As expectativas de inflação também permanecem elevadas. Segundo o Boletim Focus, o mercado projeta inflação de 5,30% em 2026 e de 4,10% em 2027, acima da meta contínua de 3%.
O Copom também reforçou que continua monitorando a política fiscal, destacando que medidas que estimulem o consumo acima da capacidade da economia podem dificultar o controle da inflação.
Na reunião desta quarta, o BC também alterou o chamado horizonte relevante da política monetária — período utilizado pelo Banco Central para avaliar se a inflação convergirá para a meta. A partir da próxima reunião, o foco deixará de ser o quarto trimestre de 2027 e passará para o primeiro trimestre de 2028.
Na prática, o Copom argumentou que manter uma taxa de juros suficiente para levar a inflação à meta no fim de 2027 poderia fazer com que a inflação ficasse abaixo da meta no início de 2028. Esse trecho abriu espaço para interpretações de que ainda há margem para novos cortes na Selic, mesmo com a deterioração do cenário inflacionário.
Na avaliação do especialista em renda variável da Davos Investimentos, Marcelo Boragini, a principal discussão deixou de ser quantos cortes ainda serão realizados e passou a ser em qual reunião o Copom poderá interromper o ciclo de redução da Selic para reavaliar o cenário econômico.
Especialistas criticam comunicação do BC
Nem todos os economistas interpretaram o comunicado de forma positiva. Em comentário enviado ao Monitor do Mercado, a CEO da Magno Investimentos, Olívia Flôres de Brás, afirmou que a mensagem do Banco Central foi uma das mais difíceis de interpretar dos últimos anos.
Segundo ela, o documento tenta conciliar três ideias ao mesmo tempo: reconhecer que a inflação continua elevada, afirmar que os juros já estão restritivos e manter em aberto tanto a possibilidade de novos cortes quanto de uma eventual alta dos juros no futuro.

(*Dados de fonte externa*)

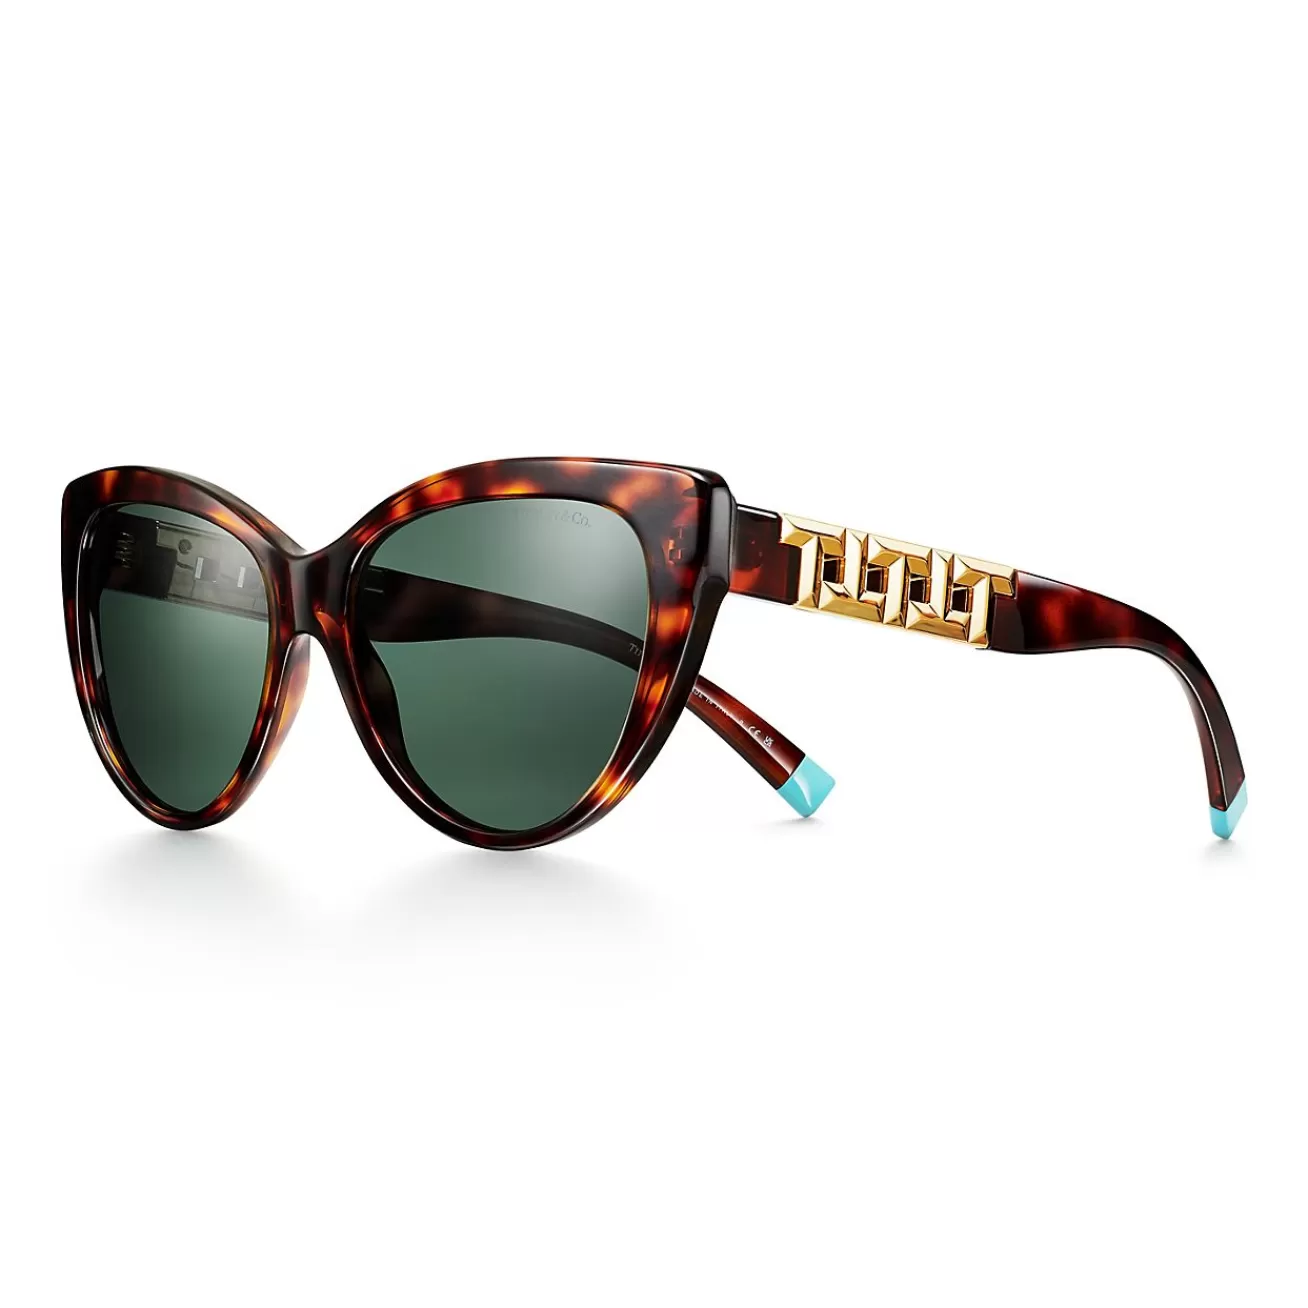 Tiffany & Co. Tiffany T Sunglasses in Tortoise Acetate with Dark Green Lenses | ^Women Tiffany T | Sunglasses
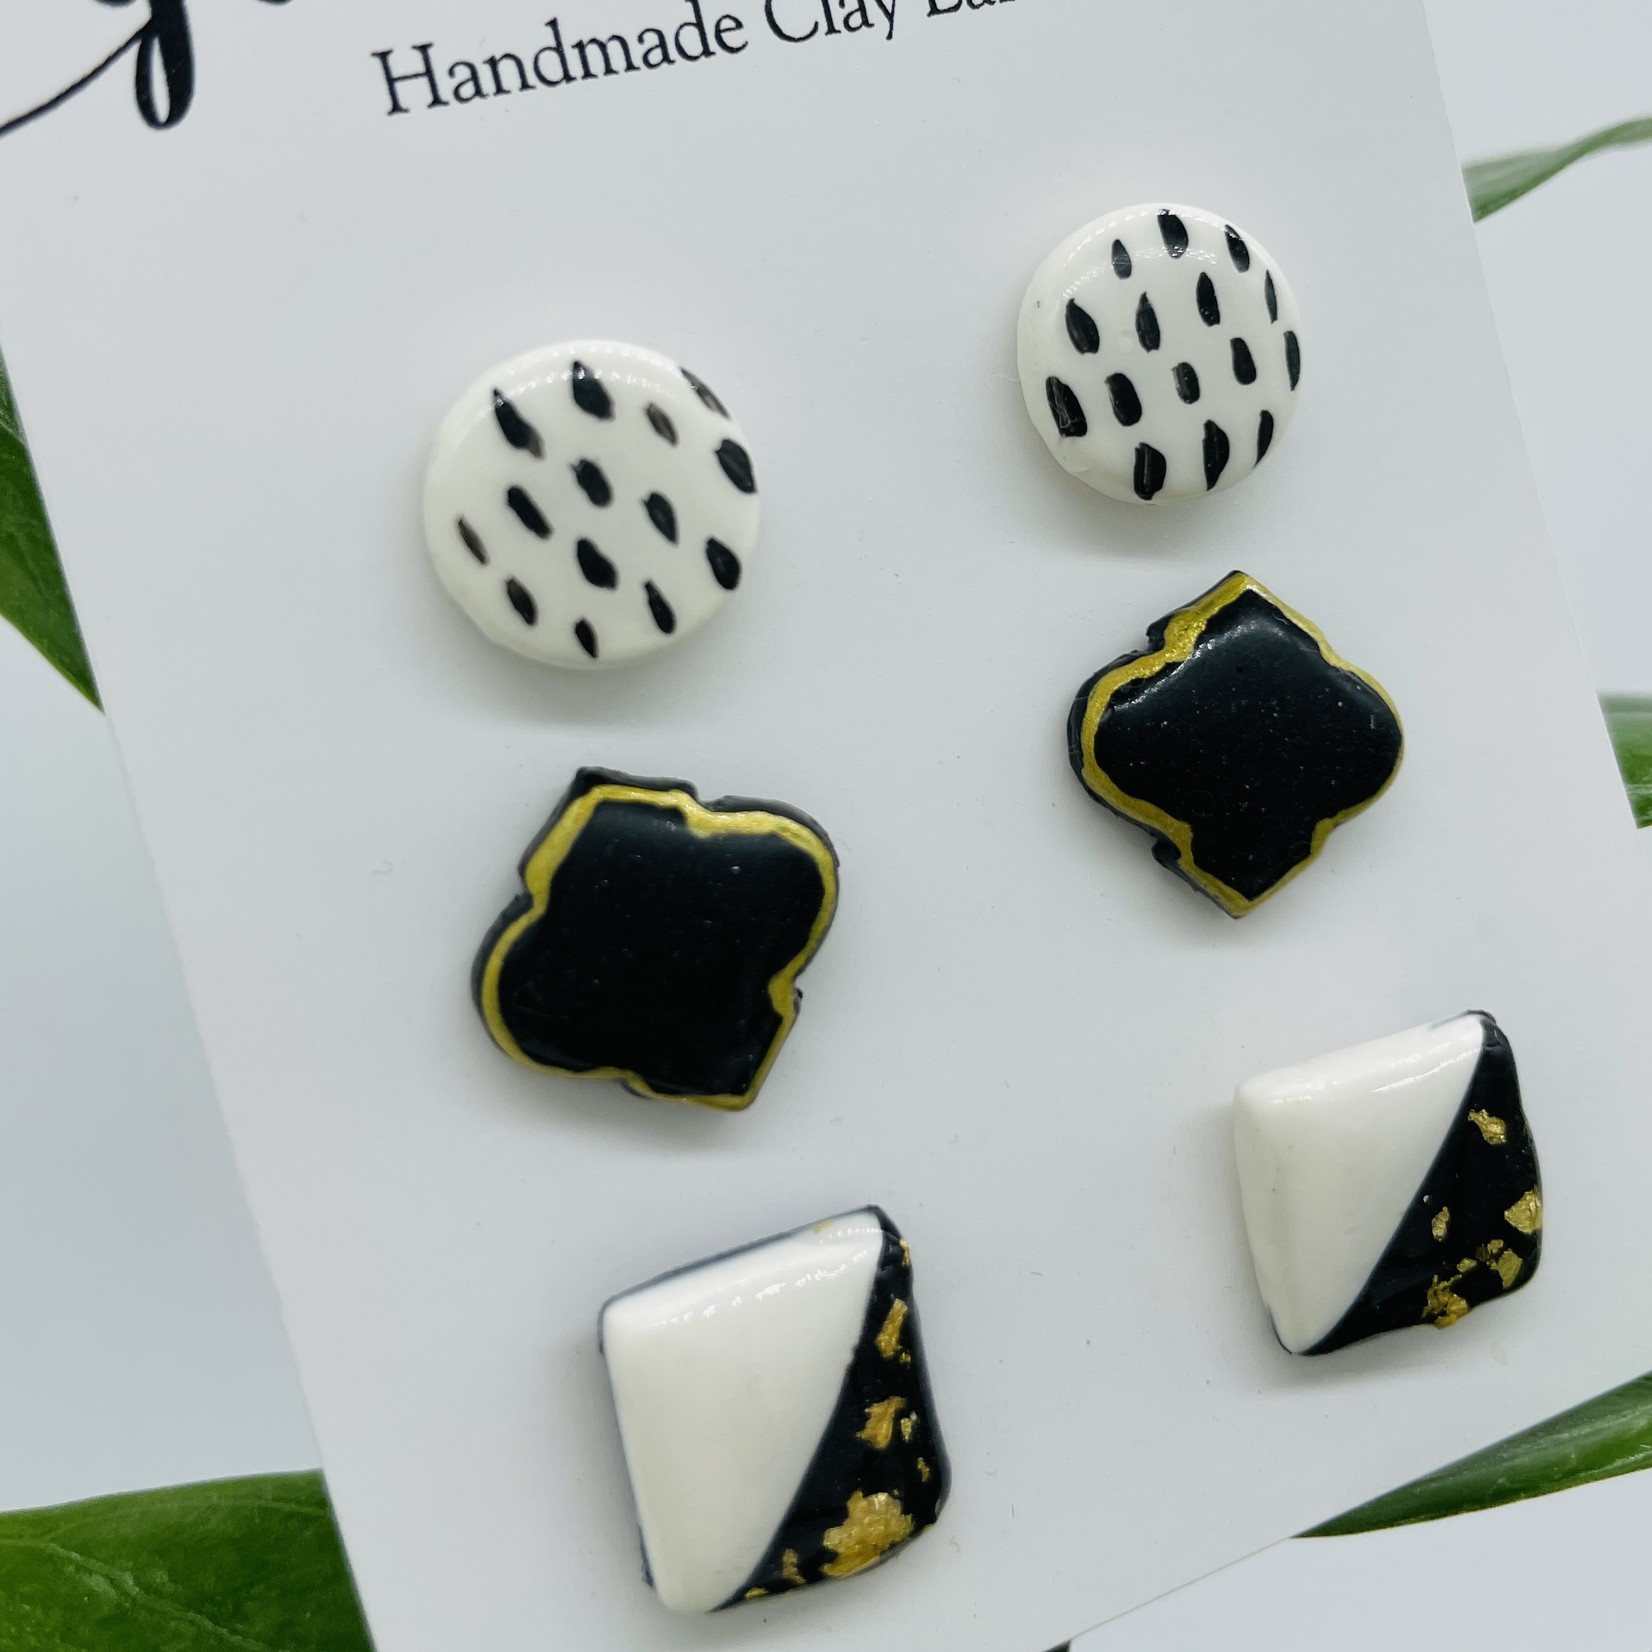 Clay Jewelry Handmade 3 pack White Black Gold Stud Earrings

Na mesma linha, Solange Sour, diretora de macroeconomia para o Brasil no UBS Global Wealth Management, em publicação no LinkedIn, avaliou que o comunicado pode enfraquecer a credibilidade da política monetária ao ampliar o horizonte utilizado para perseguir a meta de inflação.
Para ela, essa mudança reduz a disciplina do regime de metas e aumenta o custo para reancorar as expectativas de inflação.